- Description of the task -
All that is wanted is the exact text of the lines below from the one with "Sandale Sarah Chofakian WINGS Noir / Or" through the one with "New York Giants", inclusive, minus any pictures.

- Dataset content -
———

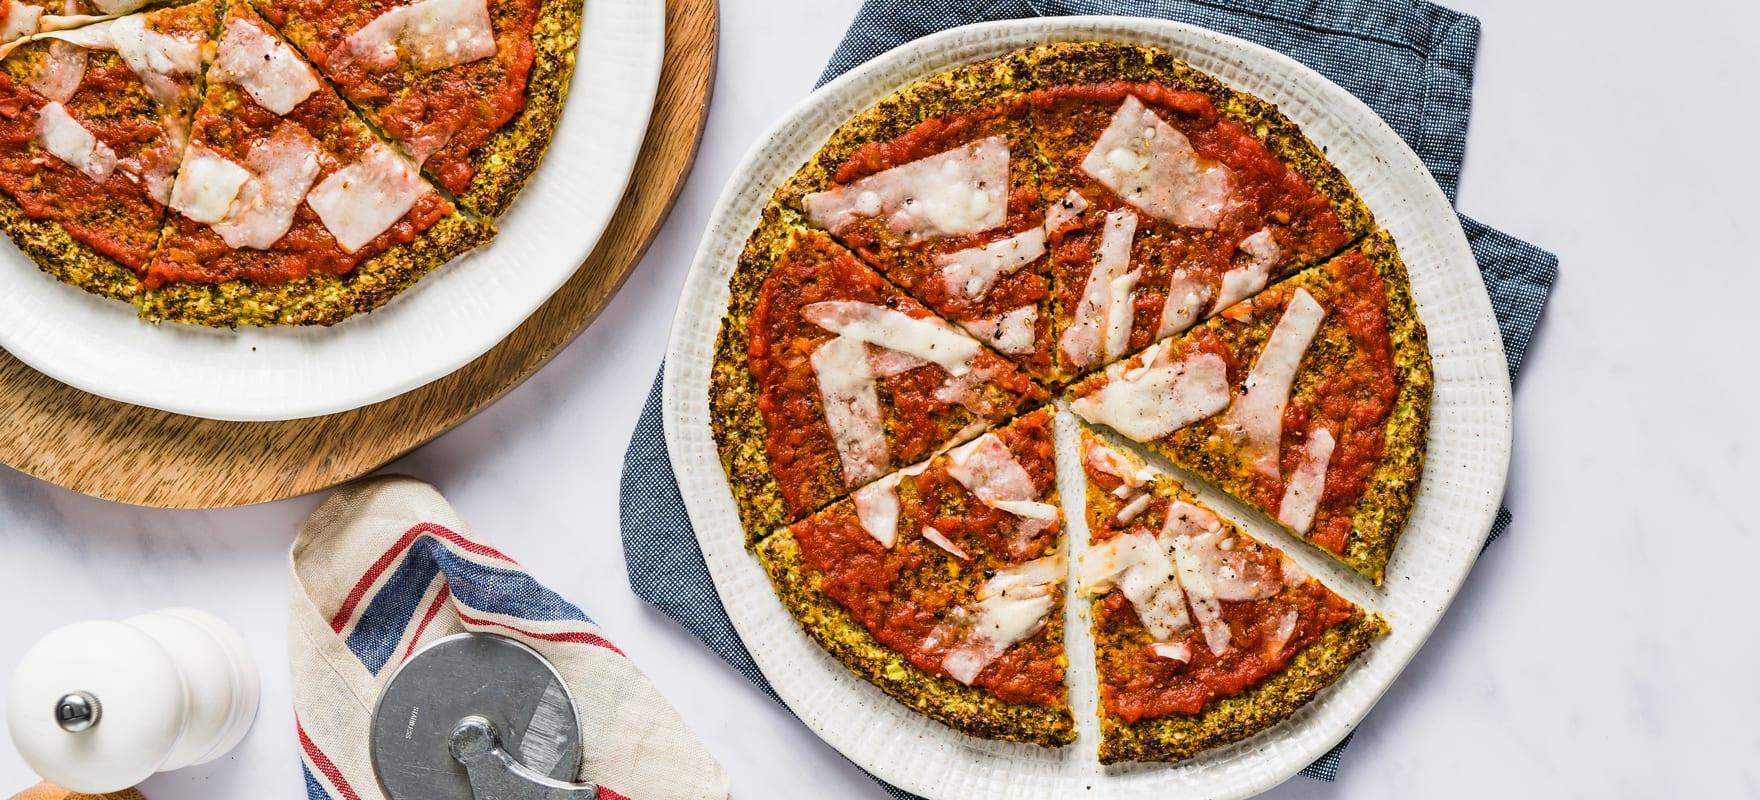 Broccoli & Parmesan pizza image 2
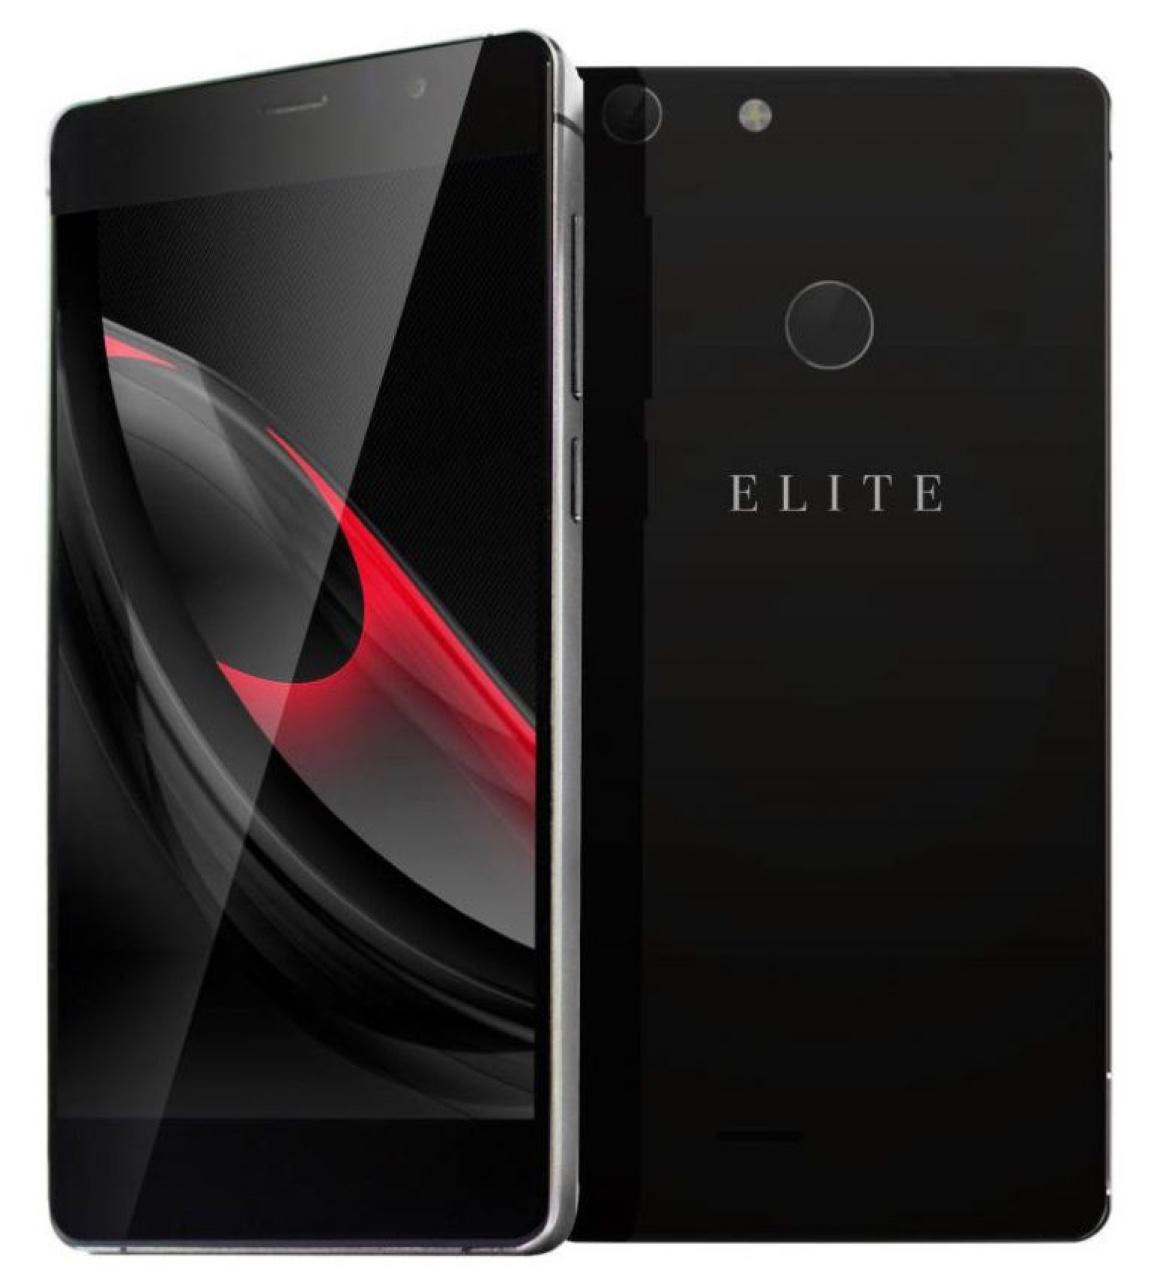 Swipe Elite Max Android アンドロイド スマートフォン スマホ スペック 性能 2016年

———

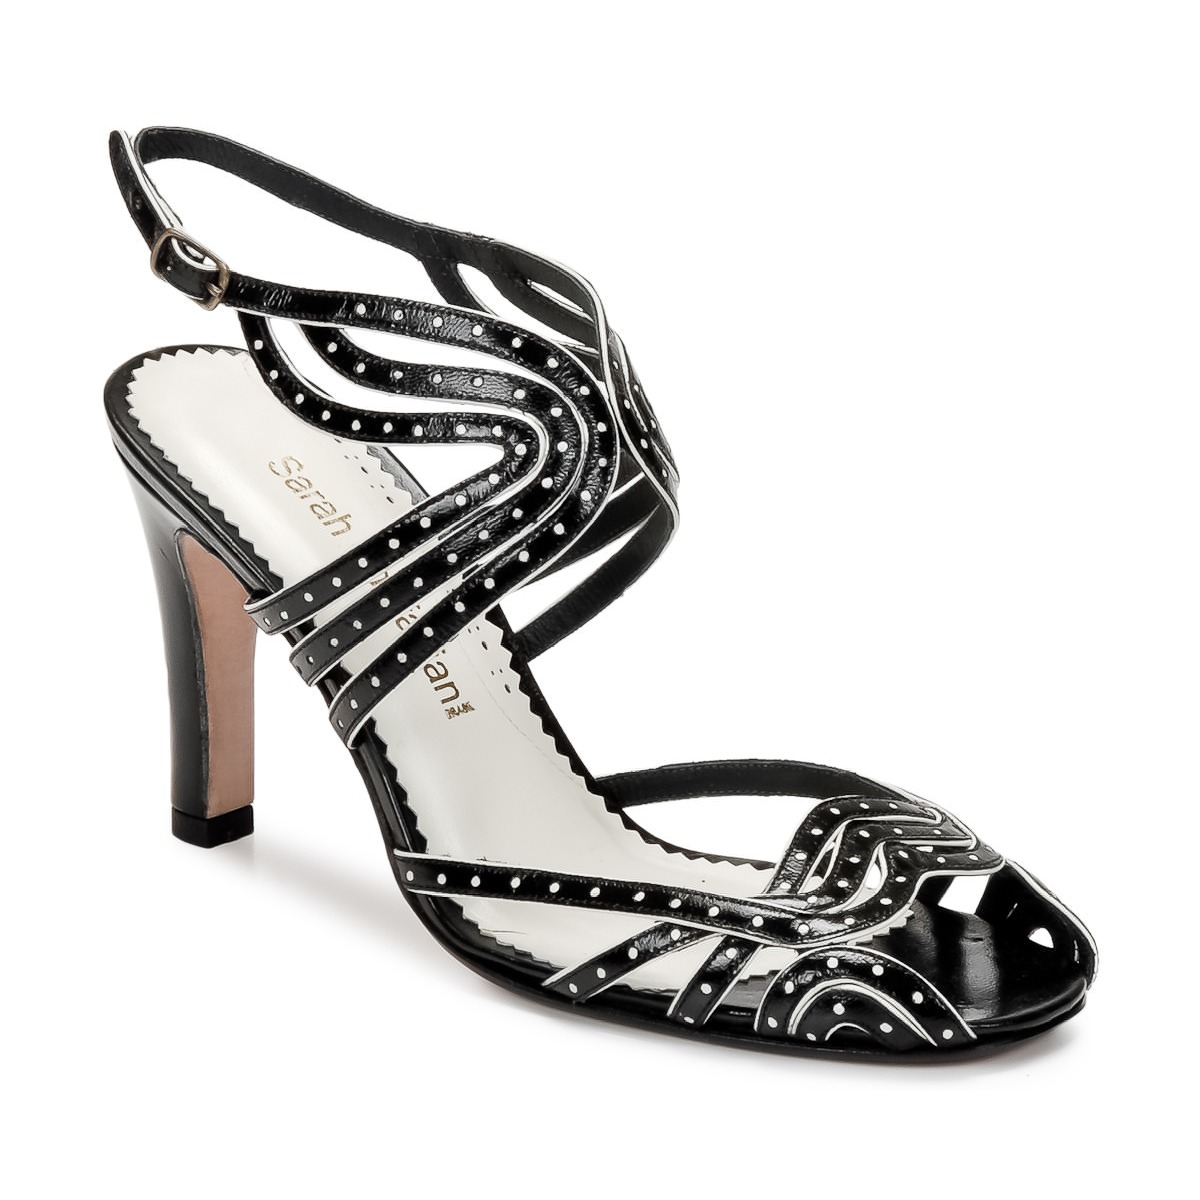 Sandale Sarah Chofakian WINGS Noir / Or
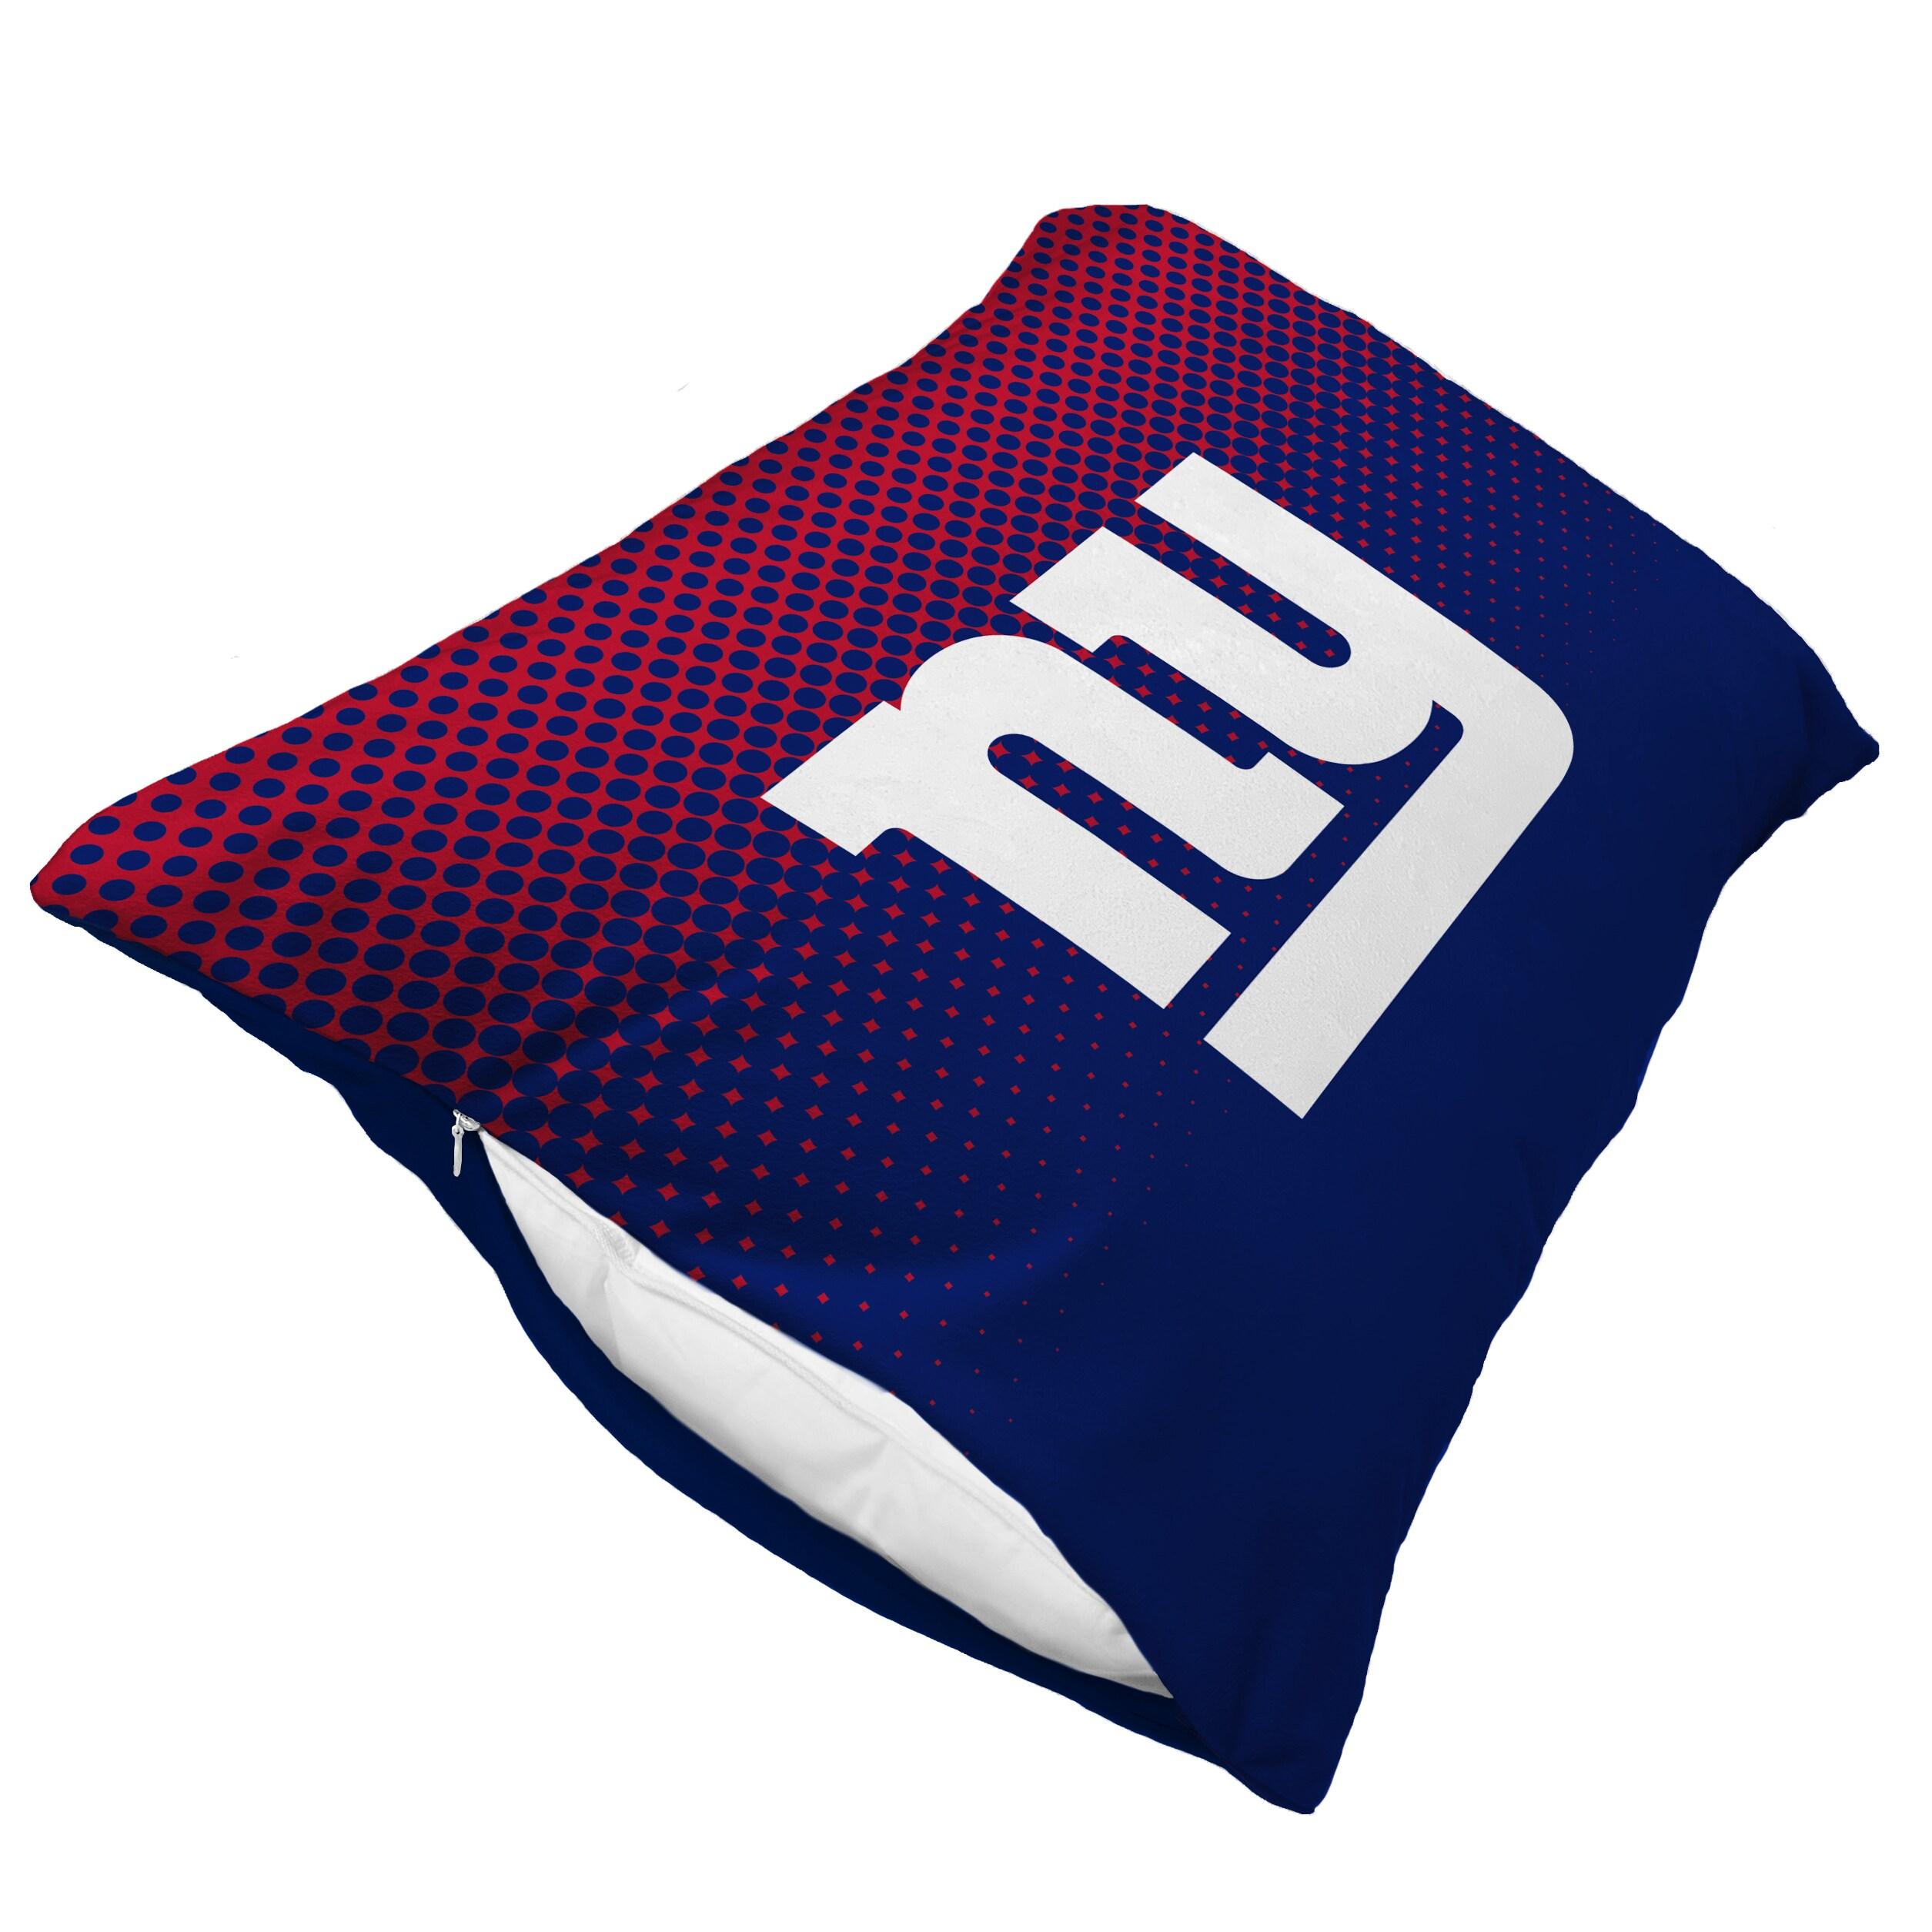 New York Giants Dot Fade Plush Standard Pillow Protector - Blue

———

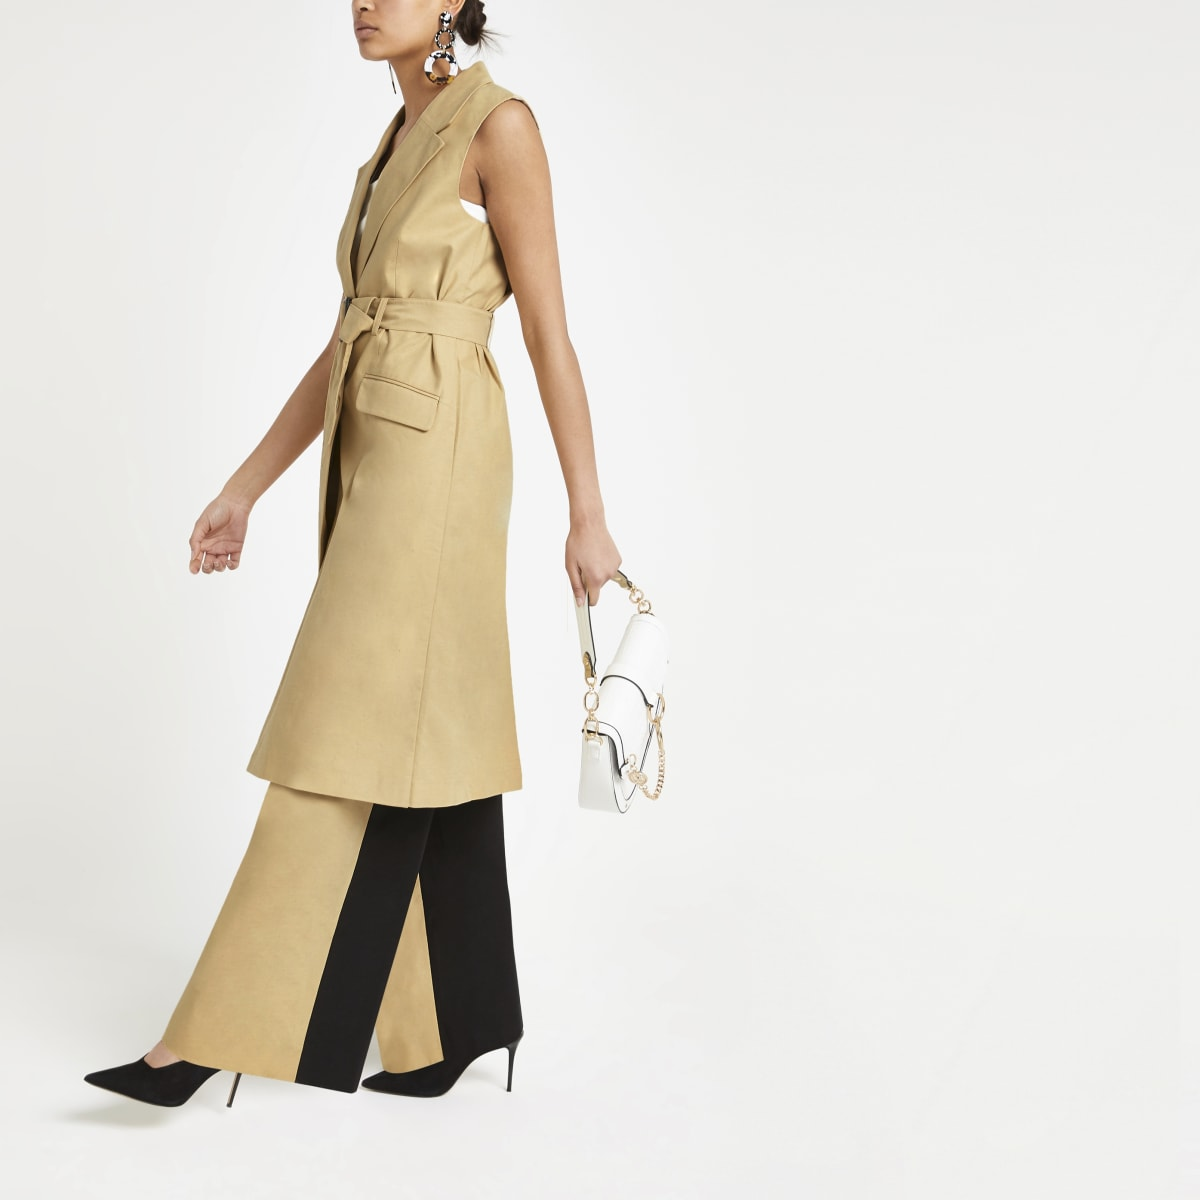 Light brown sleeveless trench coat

———

- Answer to this problem -
 Sandale Sarah Chofakian WINGS Noir / Or
 New York Giants Dot Fade Plush Standard Pillow Protector - Blue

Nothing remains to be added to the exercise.